🤖 AI Summary
Existing automatic guitar transcription methods suffer from two critical limitations: (1) failure to recognize essential performance techniques—such as slides, bends, and percussive hits—and (2) frequent misalignment in note-to-string/fret mapping, rendering generated scores unplayable. This paper introduces the first end-to-end, four-stage system that fully automates the generation of playable, technique-annotated guitar tablature with precise fingering from raw audio.
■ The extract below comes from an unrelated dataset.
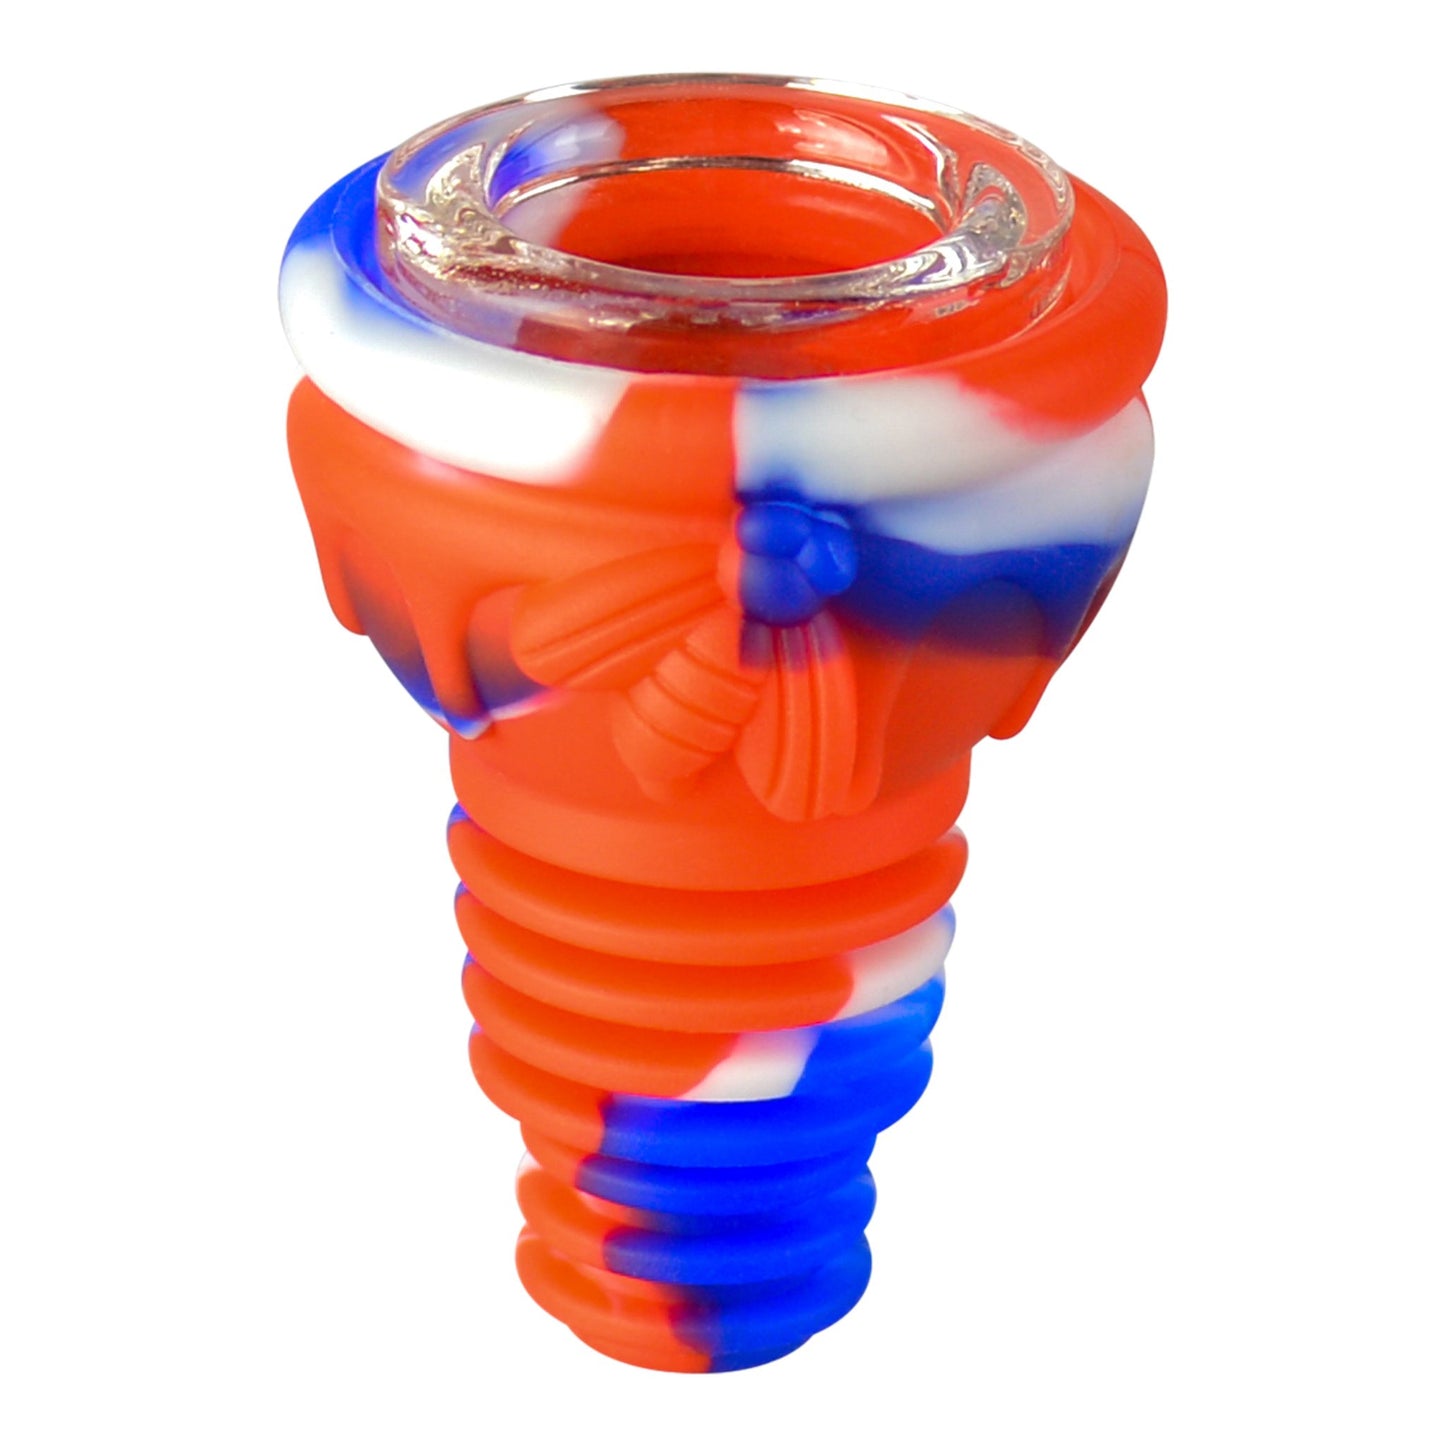 Honeybee Silicone Bowl - Male Red / Blue

Our approach integrates an audio-to-MIDI converter, a dedicated guitar-technique classifier based on MLPs, a Transformer-based string/fret assignment module, and an LSTM-driven tablature generation component. Crucially, we transfer prior knowledge from piano transcription while adapting to guitar-specific acoustics and playing constraints. Experiments on real-world recordings demonstrate significant improvements in technique detection accuracy and fingering plausibility. Quantitative and qualitative evaluations confirm that our system surpasses state-of-the-art methods in both technique annotation completeness and score playability.
📝 Abstract
Automatic Music Transcription (AMT) has advanced significantly for the piano, but transcription for the guitar remains limited due to several key challenges. Existing systems fail to detect and annotate expressive techniques (e.g., slides, bends, percussive hits) and incorrectly map notes to the wrong string and fret combination in the generated tablature. Furthermore, prior models are typically trained on small, isolated datasets, limiting their generalizability to real-world guitar recordings. To overcome these limitations, we propose a four-stage end-to-end pipeline that produces detailed guitar tablature directly from audio. Our system consists of (1) Audio-to-MIDI pitch conversion through a piano transcription model adapted to guitar datasets; (2) MLP-based expressive technique classification; (3) Transformer-based string and fret assignment; and (4) LSTM-based tablature generation. To the best of our knowledge, this framework is the first to generate detailed tablature with accurate fingerings and expressive labels from guitar audio.